YOUR GOAL ▸ Copy exactly the lines of the data below, beginning with the line with "Swing Arm Floor" and ending with the line with "Brown canoe in". Pictures are to be omitted.

RECORDS TO PROCESS ▸
*** Begin section ***

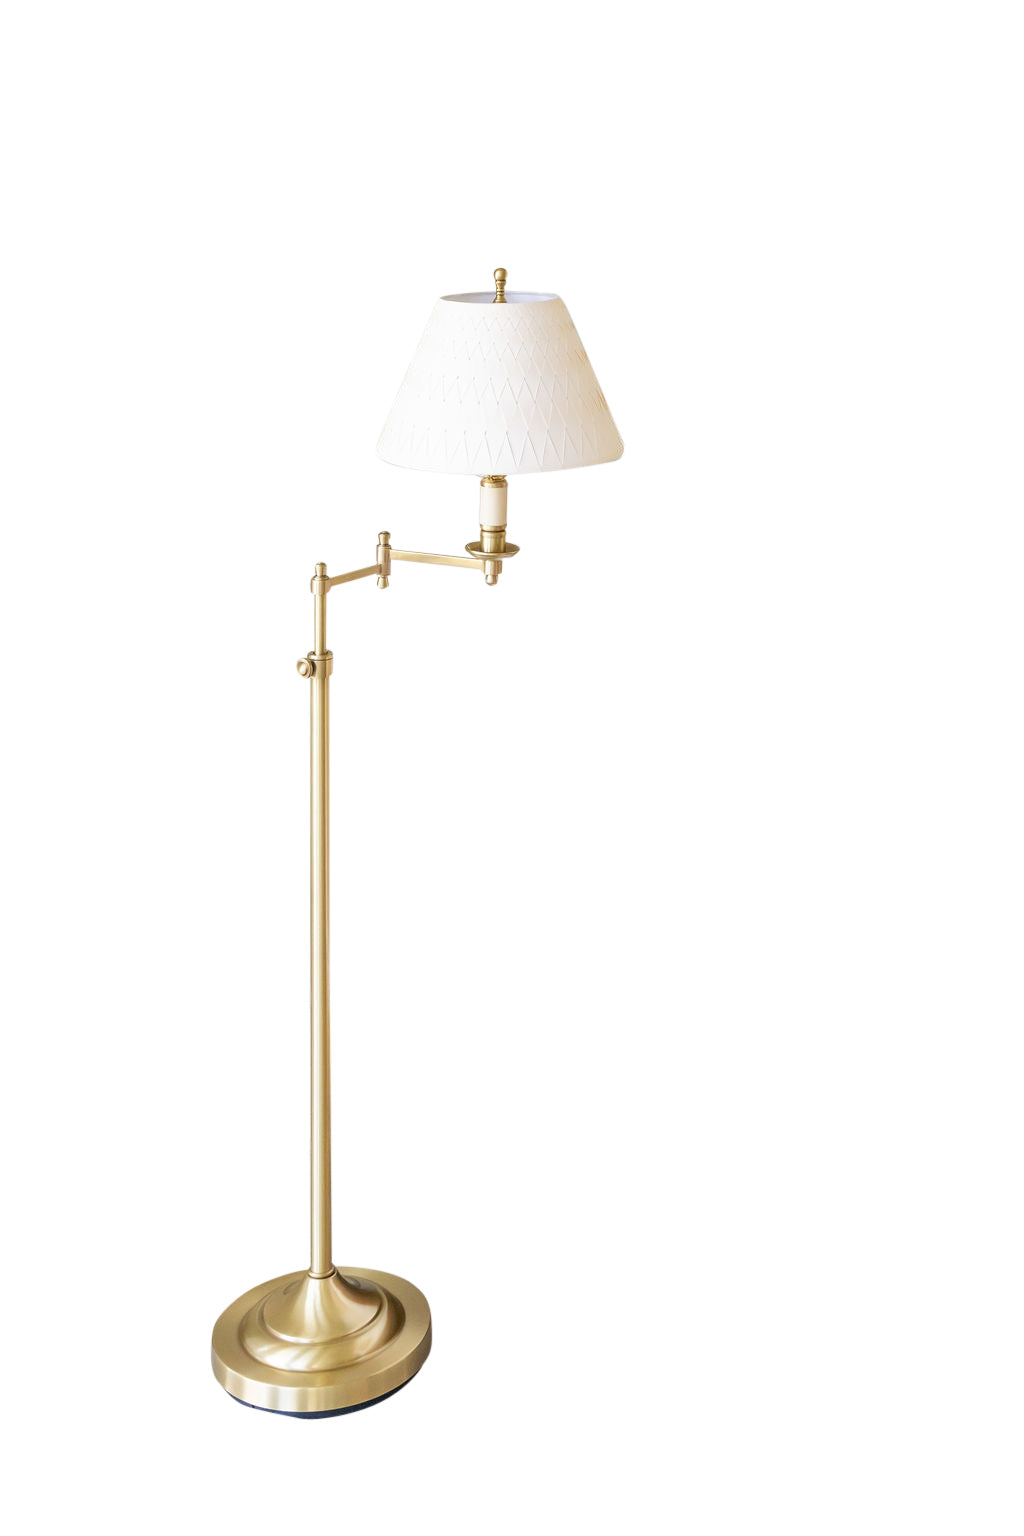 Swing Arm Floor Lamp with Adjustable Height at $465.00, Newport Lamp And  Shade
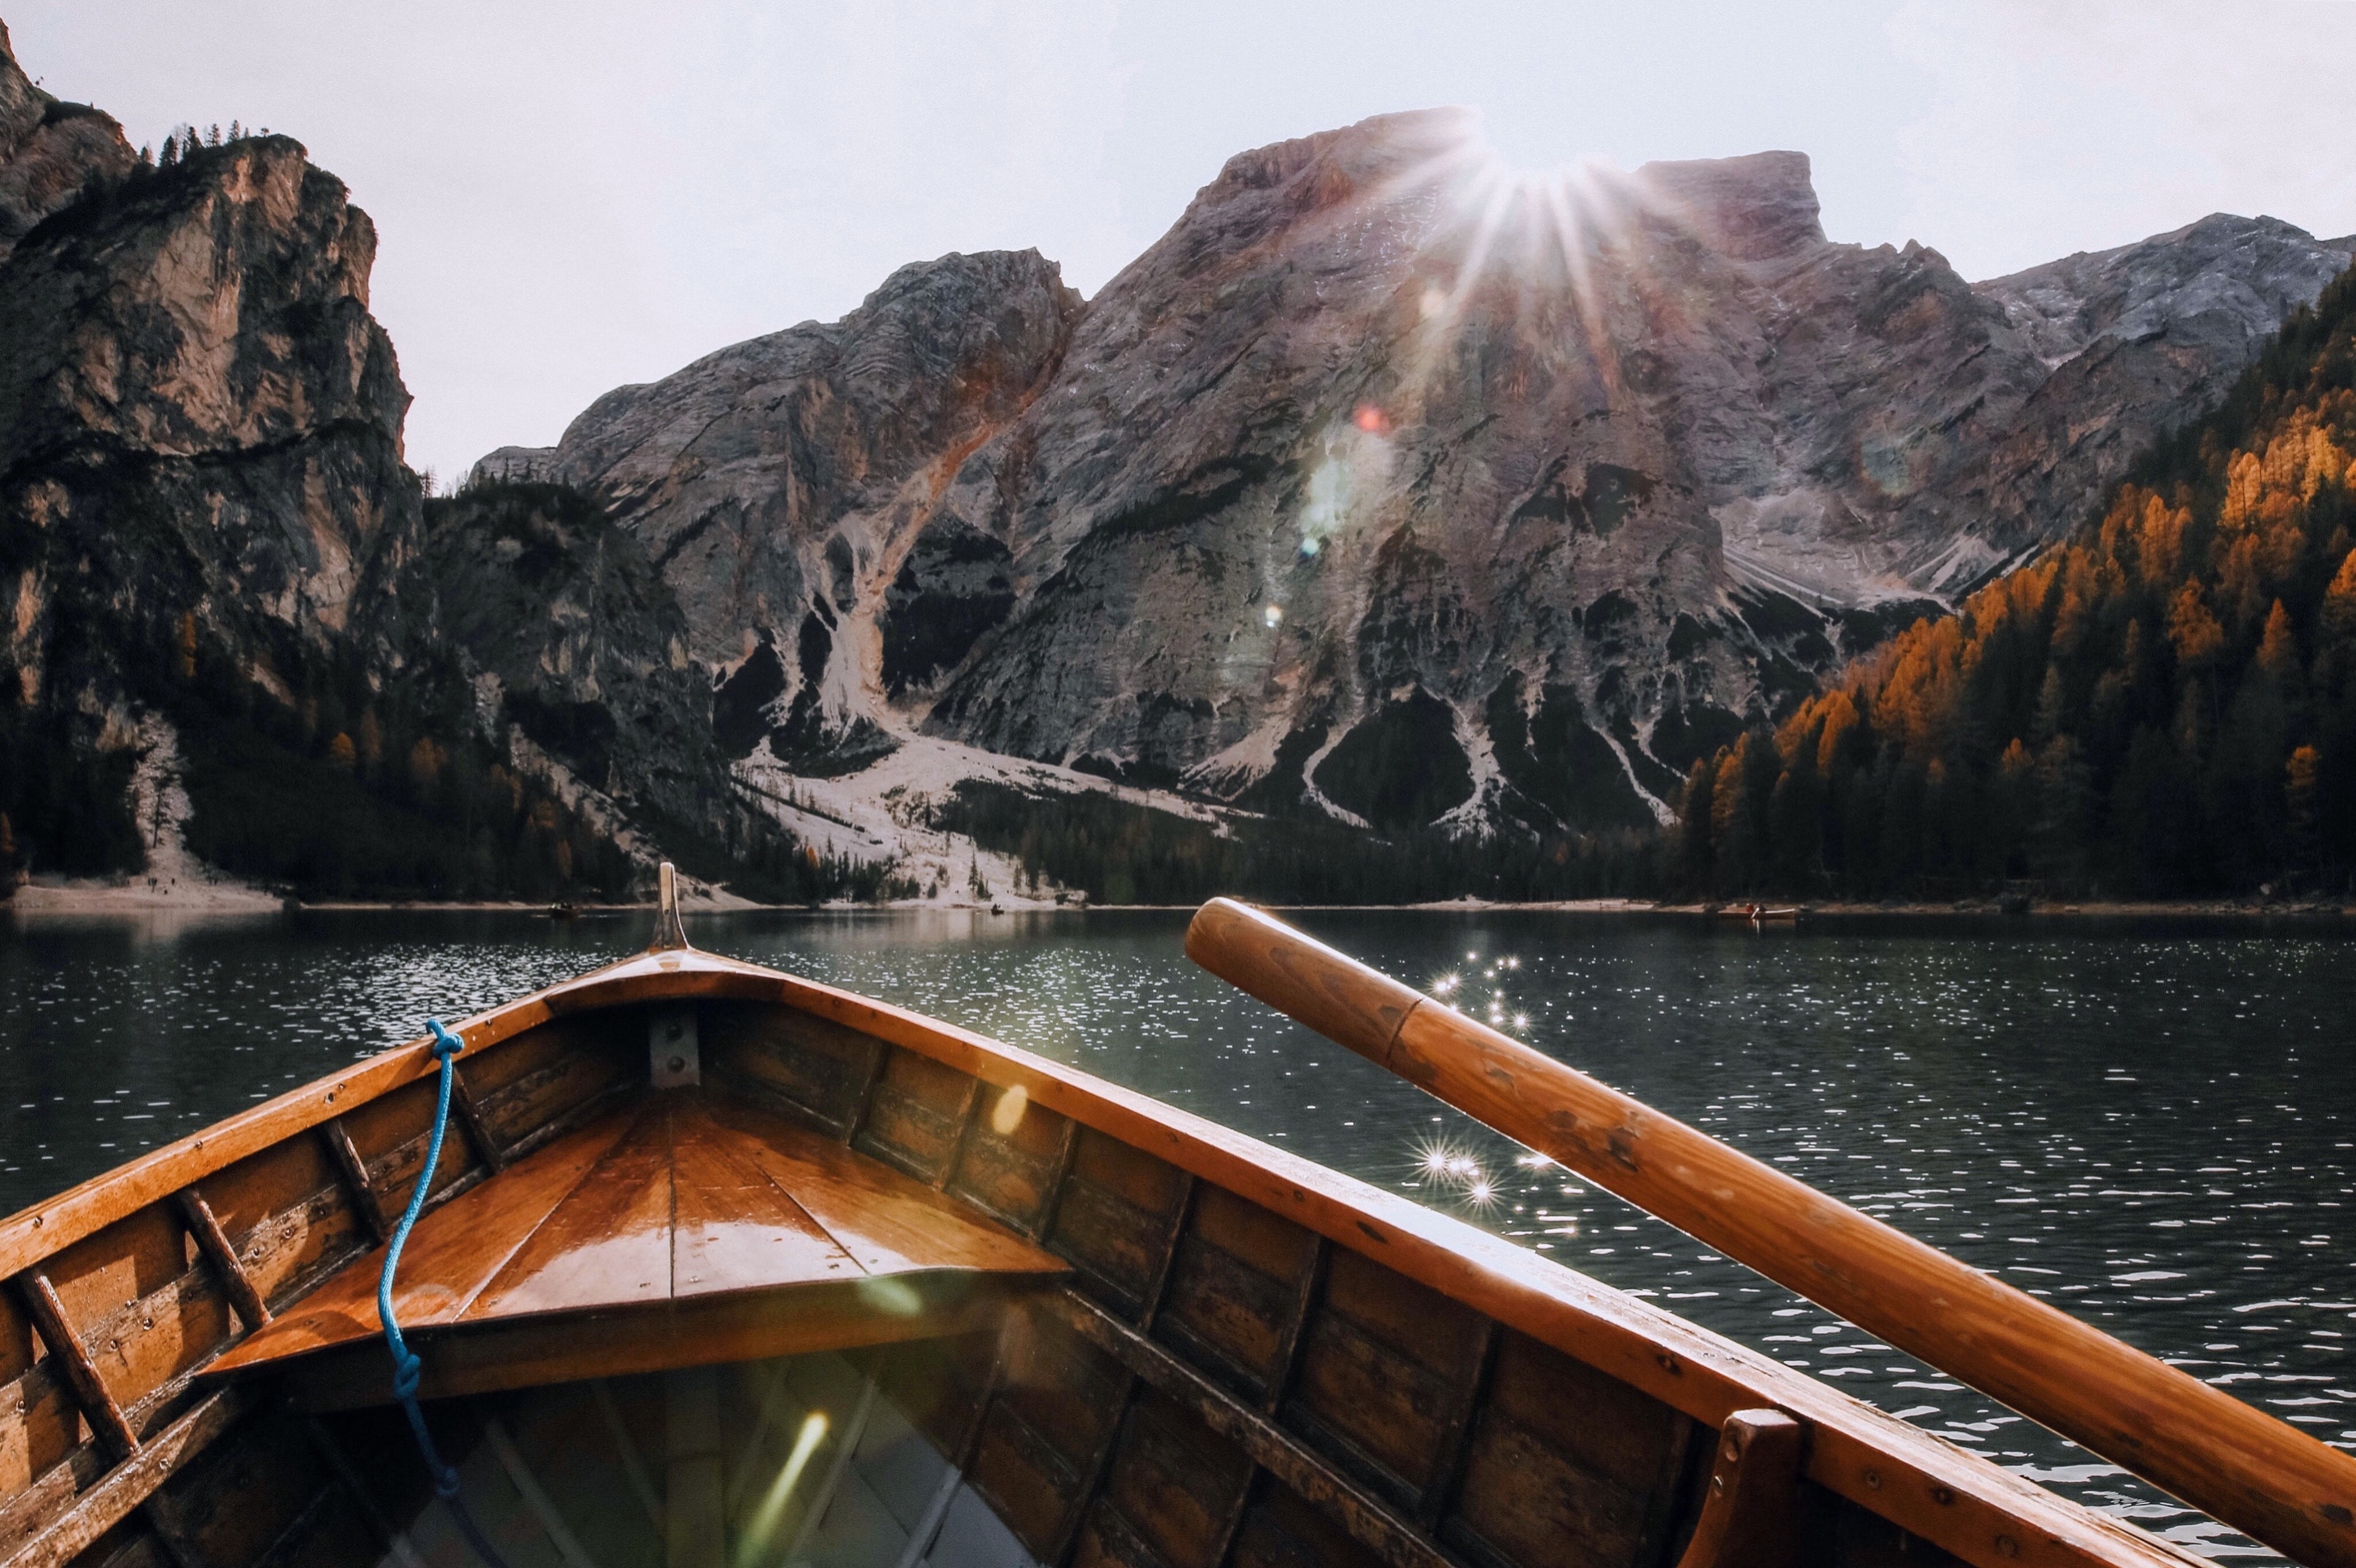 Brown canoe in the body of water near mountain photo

*** End section ***
*** Begin section ***

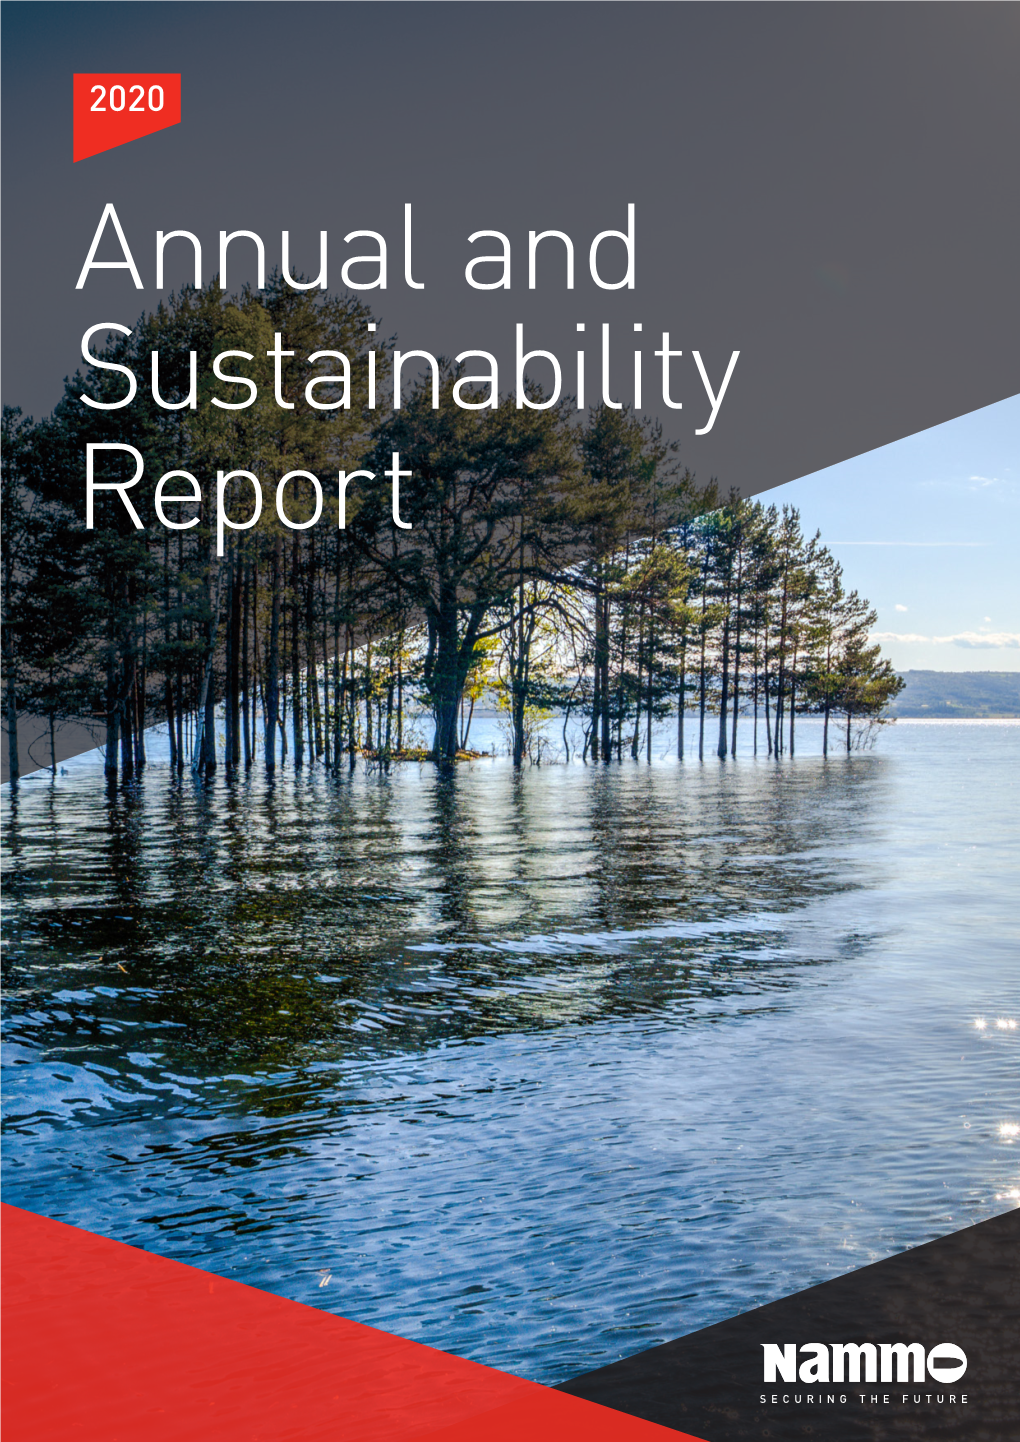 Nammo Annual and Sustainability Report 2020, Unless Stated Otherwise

*** End section ***
*** Begin section ***

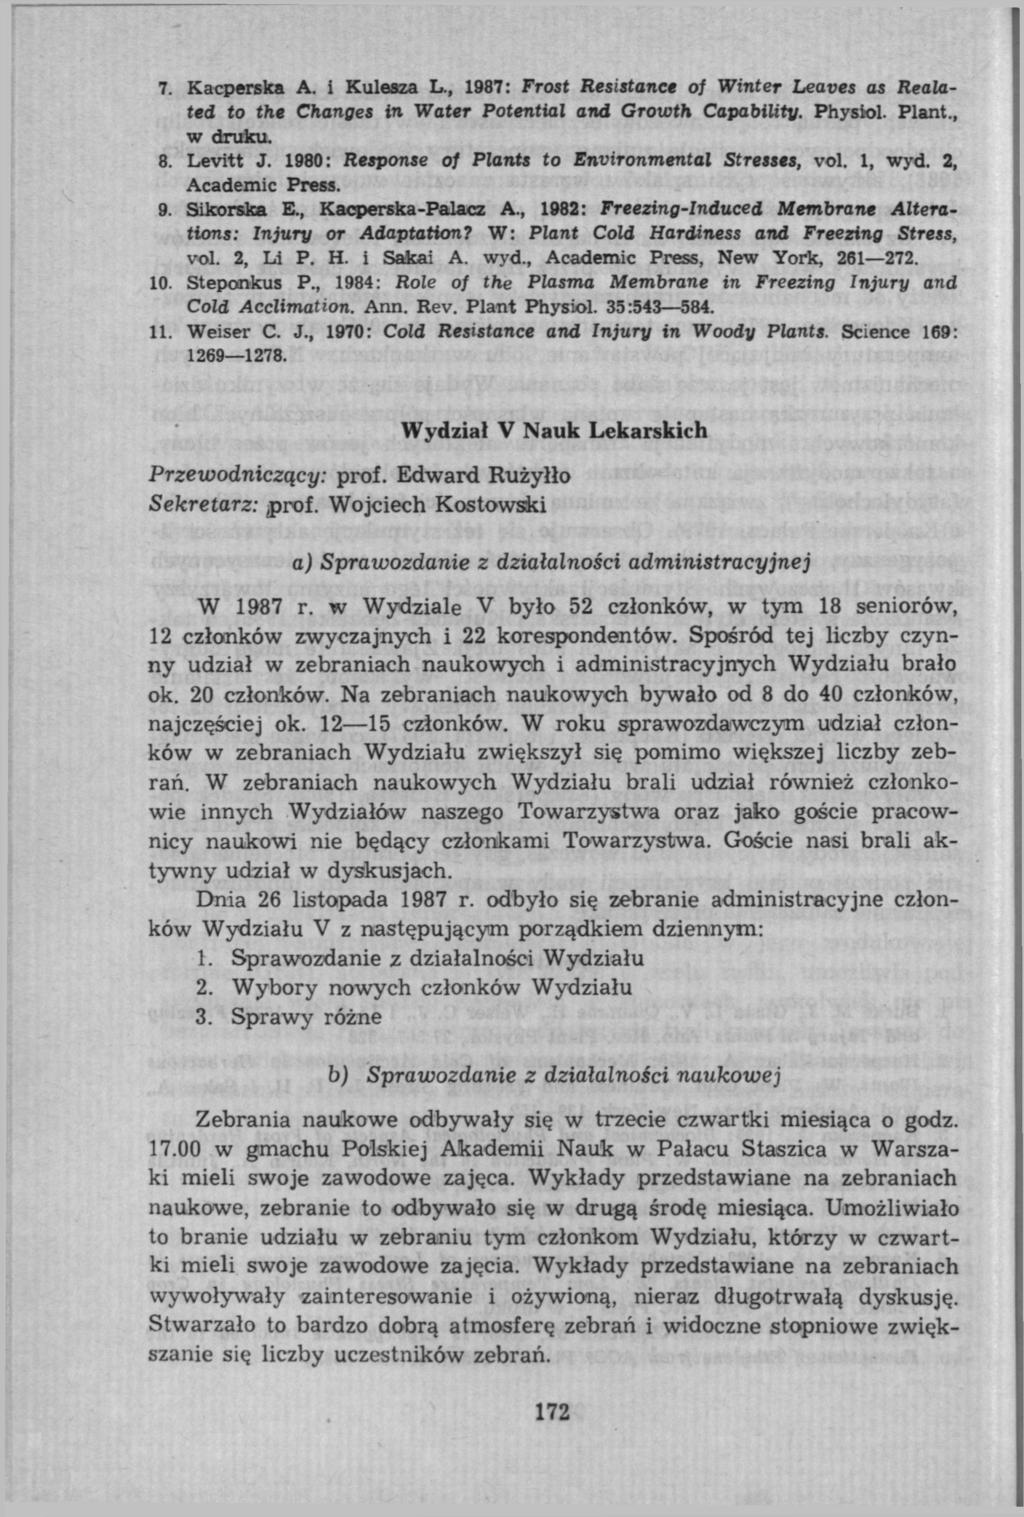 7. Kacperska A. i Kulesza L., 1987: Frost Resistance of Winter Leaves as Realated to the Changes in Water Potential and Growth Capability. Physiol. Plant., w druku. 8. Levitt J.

*** End section ***

OUTPUT FOR THIS EXERCISE ▸
 Swing Arm Floor Lamp with Adjustable Height at $465.00, Newport Lamp And  Shade
 Brown canoe in the body of water near mountain photo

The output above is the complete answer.